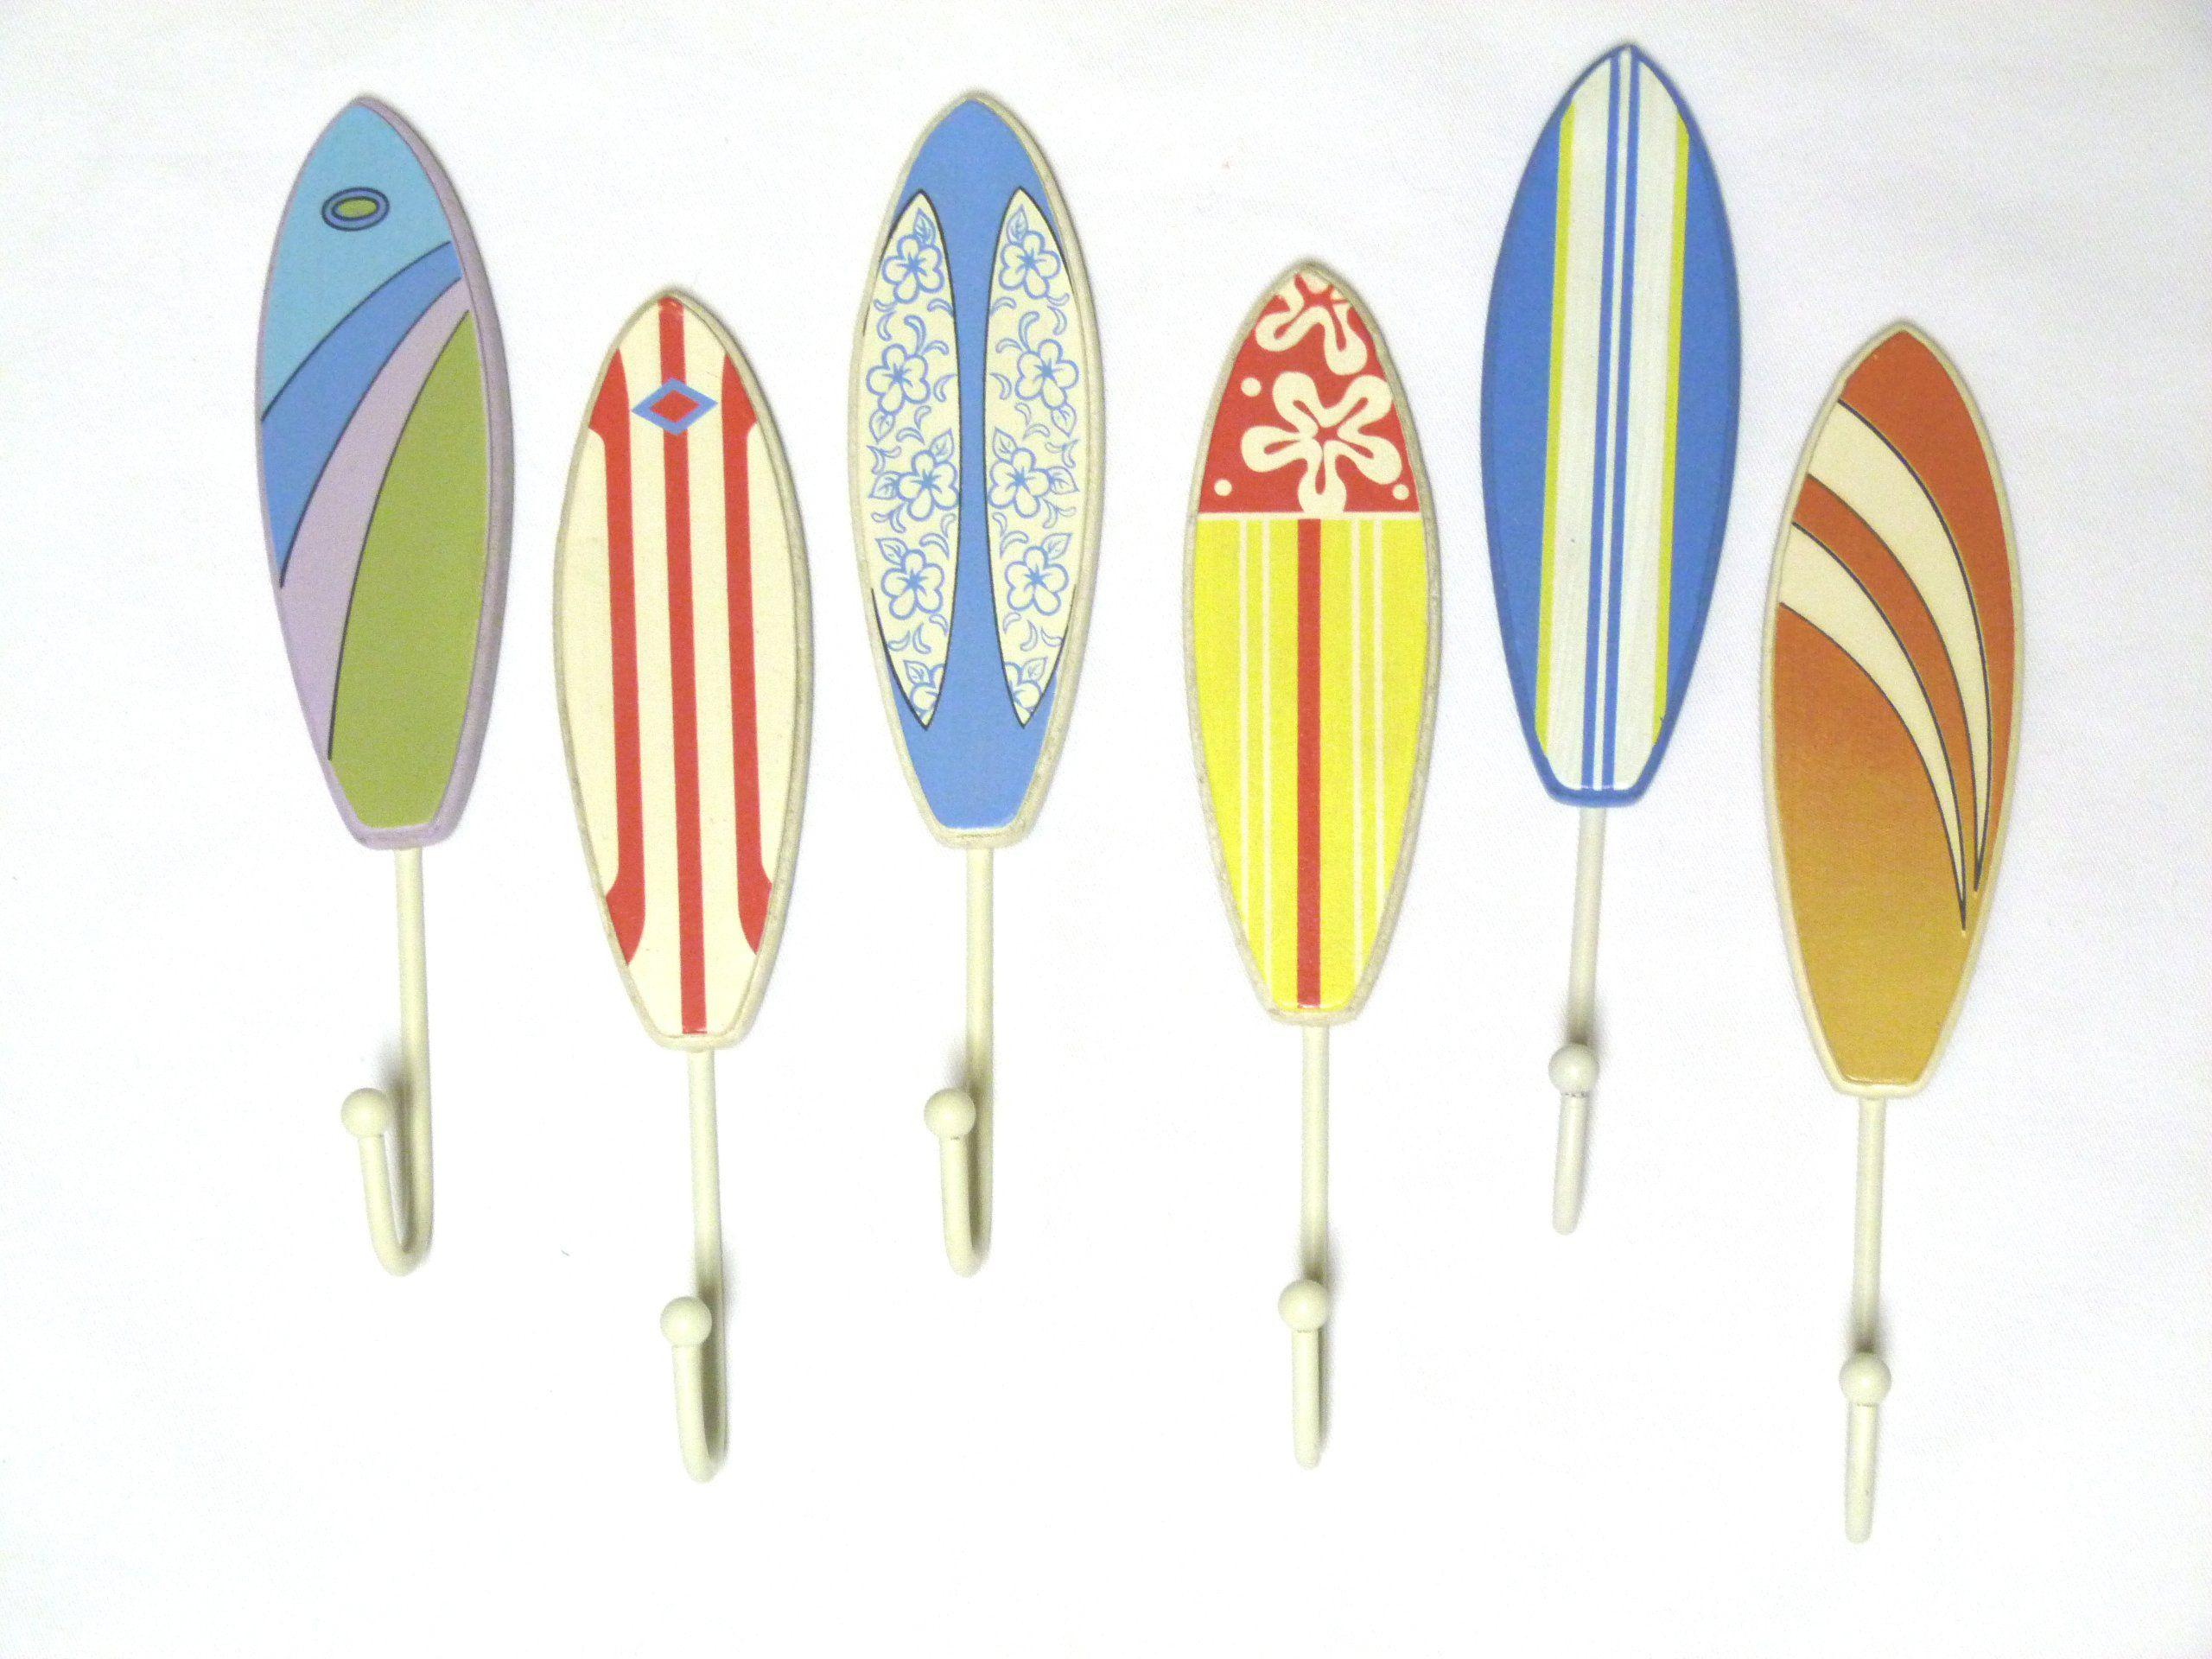 Juego de 6 tablas de surf de madera ganchos for Ganchos para colgar
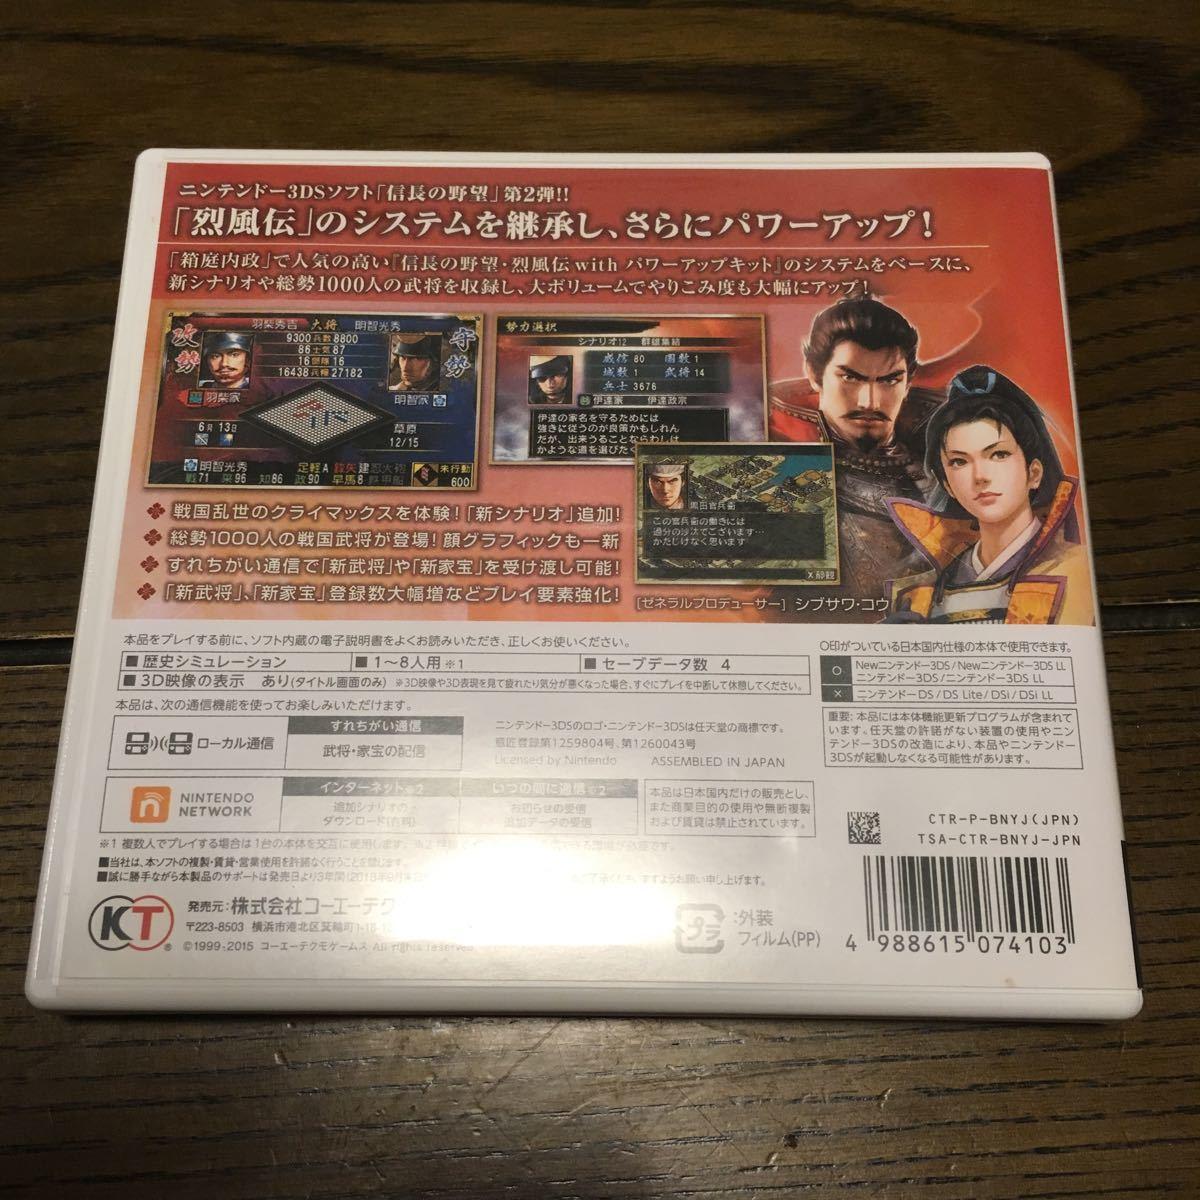 信長の野望 2 任天堂 3DS ソフト koei_画像2
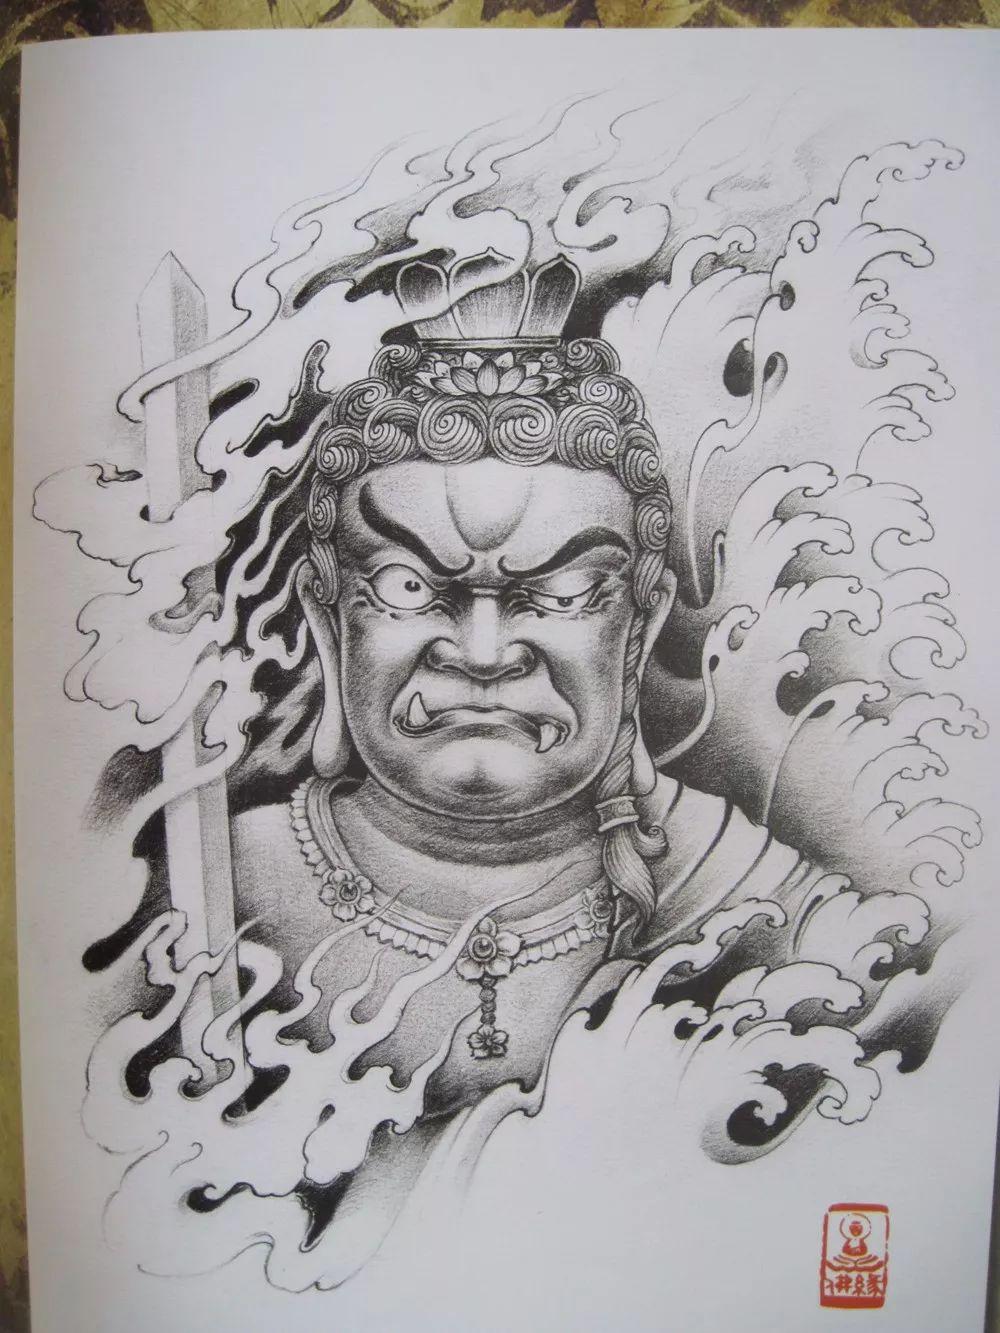 我是雕刻师,佛像雕刻纹身素描素材手稿楚雄学室内设计图片
------------------------------------
*What the exercise asks*:
Output the full listing verbatim, but drop the images.

*Result of this exercise*:
 Juego de 6 tablas de surf de madera ganchos for Ganchos para colgar
 信長の野望 2 任天堂 3DS ソフト koei_画像2
 我是雕刻师,佛像雕刻纹身素描素材手稿楚雄学室内设计图片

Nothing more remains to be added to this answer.